Using the obtained composition, a pressure-sensitive adhesive sheet was produced in the same manner as in Examples, and the results are shown in Table 3.
It was.

Abbreviations in Table 1 mean the following, except for those defined above.
・ EMA: Ethyl methacrylate (THPI and Tg are almost the same)
P2: polybutyl acrylate, Mw of about 410,000 TMPTA: trimethylolpropane triacrylate L-45: polyfunctional polyisocyanate, Nippon Polyretane Kogyo Co., Ltd. Coronate L45

Abbreviations in Table 2 mean the following, except for those defined above.
P5: LumiCure MIA200 [trade name, manufactured by DIC Corporation, polyether bismaleimide acetate represented by the following formula (10)]

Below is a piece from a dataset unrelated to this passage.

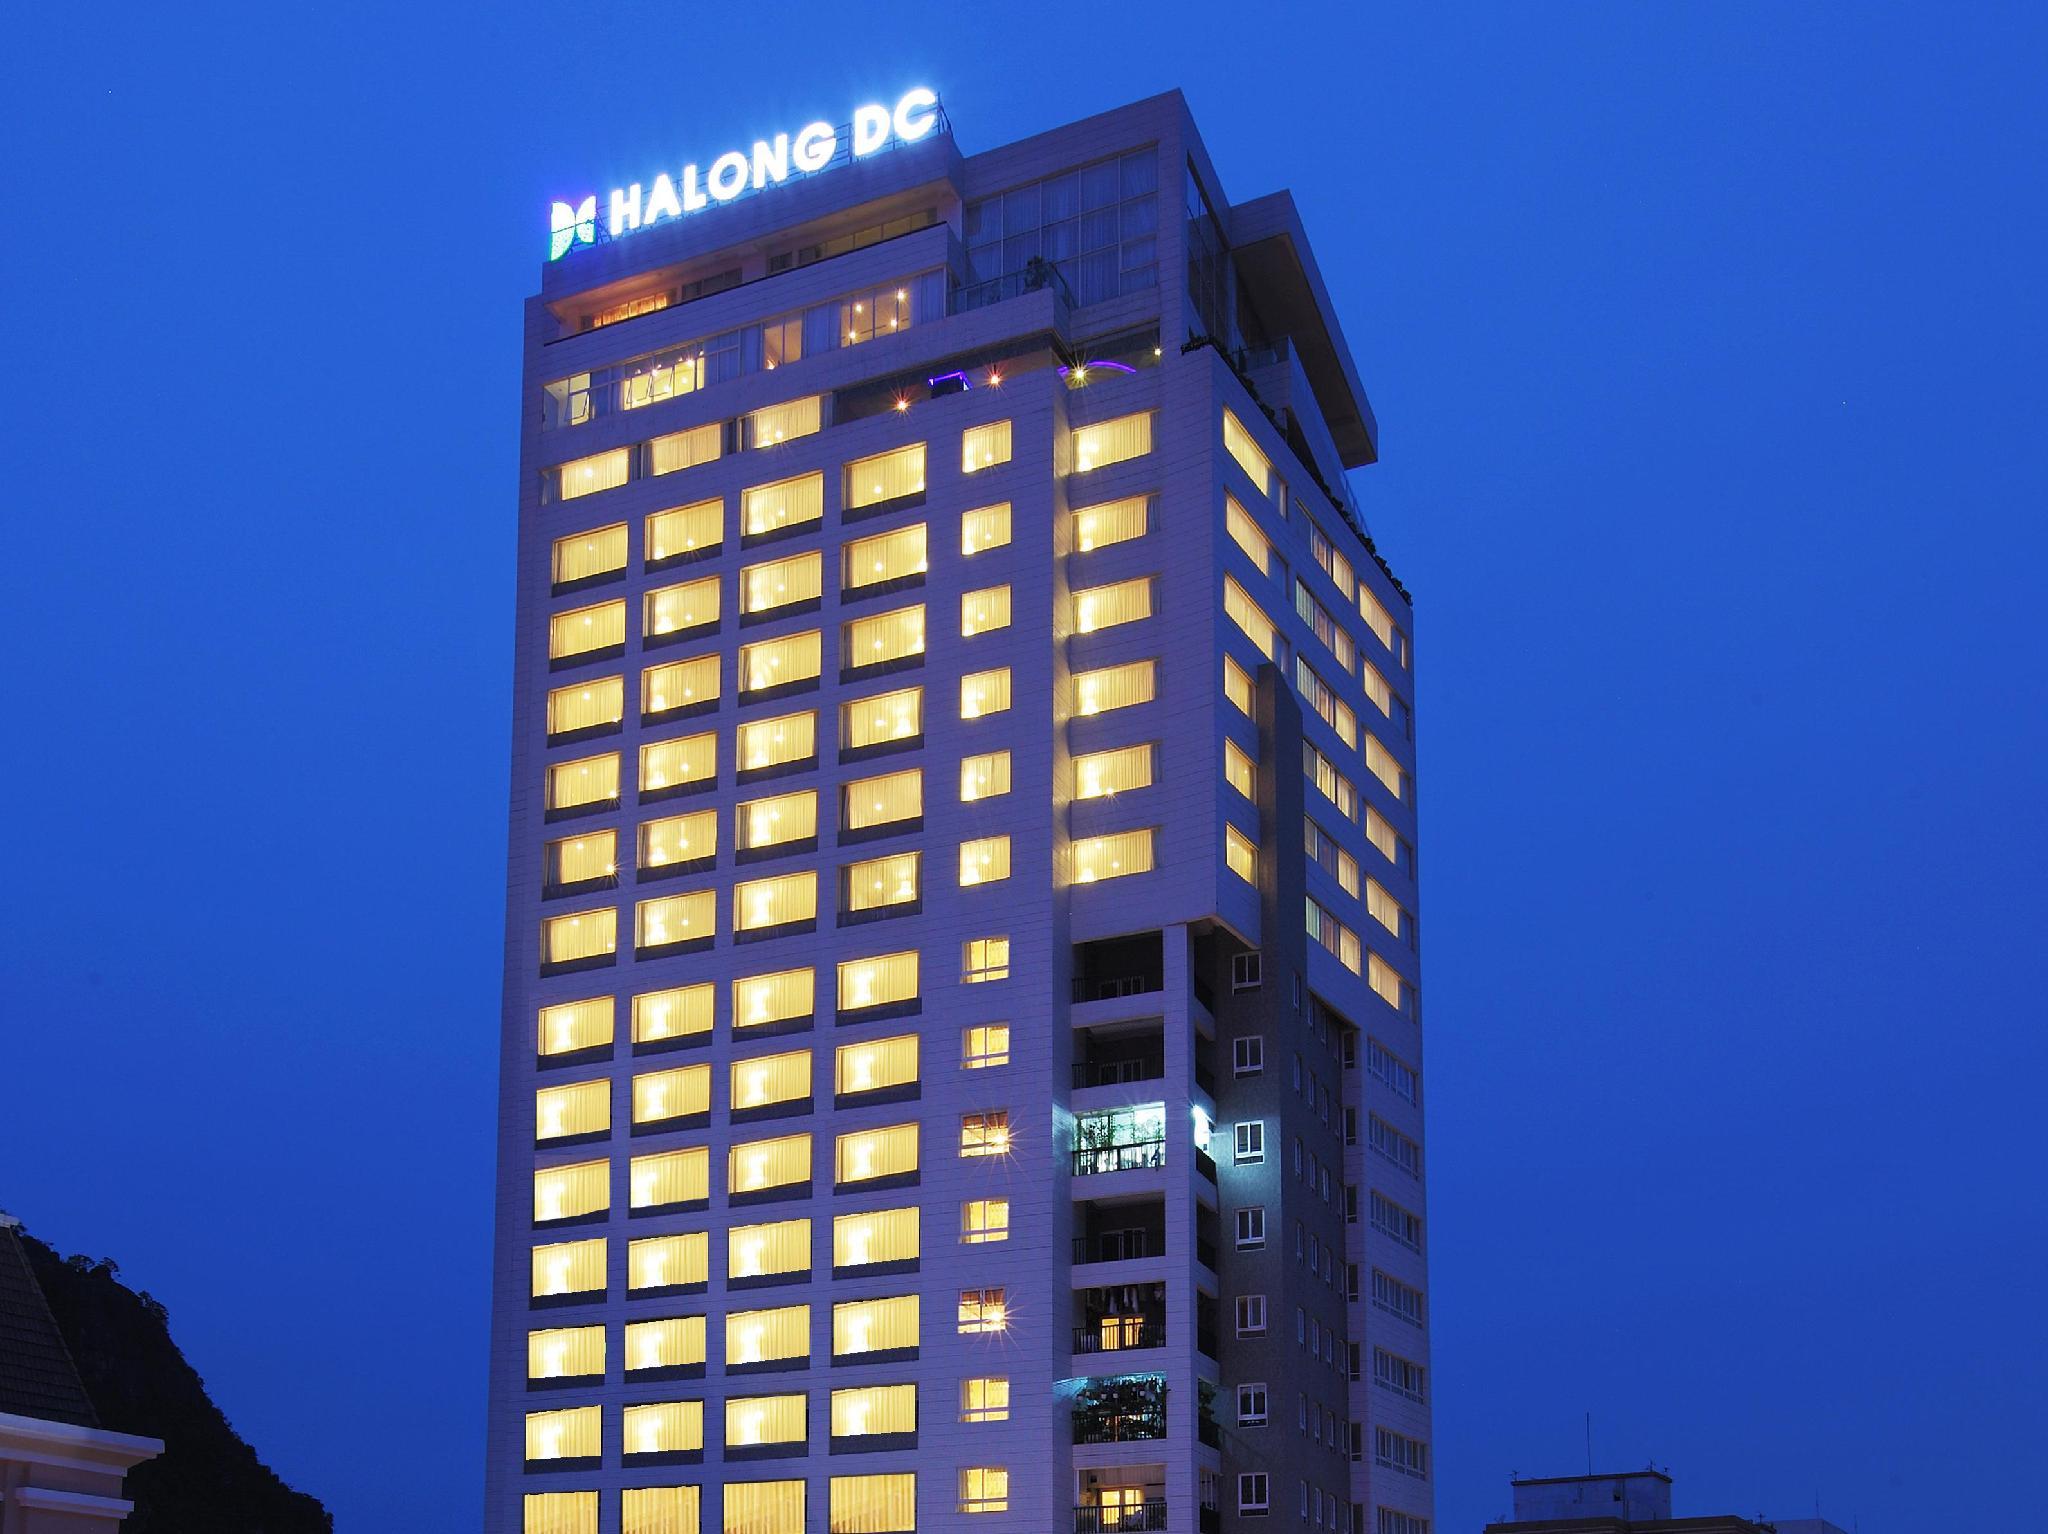 Ha Long DC Hotel - Hotell och Boende i Vietnam , Halong

The composition of this invention can be used for various uses, such as an adhesive, an adhesive agent, ink, a coating agent, a resist, and a molding agent, and can be preferably used especially as an adhesive. Furthermore, the composition of the present invention can be used for various applications by forming a cured film on a substrate, and can be particularly preferably used as an adhesive sheet.

Claims (9)

Compound (A) having an ethylenically unsaturated group other than a maleimide group and a maleimide group, a compound other than the component (A), a compound having an ethylenically unsaturated group having a molecular weight of 300 or less, and an alkyl (meth) acrylate A composition containing (B) and a polymer (C) containing a polymer having a maleimide group, wherein the component (A) is added in an amount of 0.1 based on the total amount of the components (A) to (C). An active energy ray-curable composition comprising -15% by weight, 45 to 97.9% by weight of component (B), and 2 to 40% by weight of component (C).   The active energy ray-curable composition according to claim 1, which does not contain an organic solvent. The active energy ray-curable composition according to claim 1 or 2 , wherein the component (C) is a polymer having a weight average molecular weight of 10,000 or more. Furthermore, the active energy ray hardening-type composition in any one of Claims 1-3 containing a photoinitiator (D). The active energy ray hardening-type composition of Claim 4 which contains 0.1-10 weight% of photoinitiators (D) in a composition. The active energy ray hardening-type adhesive composition containing the composition in any one of Claims 1-5 . The adhesive sheet containing the cured film of the composition in any one of Claims 1-6 on a base material. The manufacturing method of the sheet | seat which irradiates an active energy ray after coating the composition in any one of Claims 1-6 on a base material. The manufacturing method of the adhesive sheet which irradiates an active energy ray after applying the composition in any one of Claims 1-6 to a base material.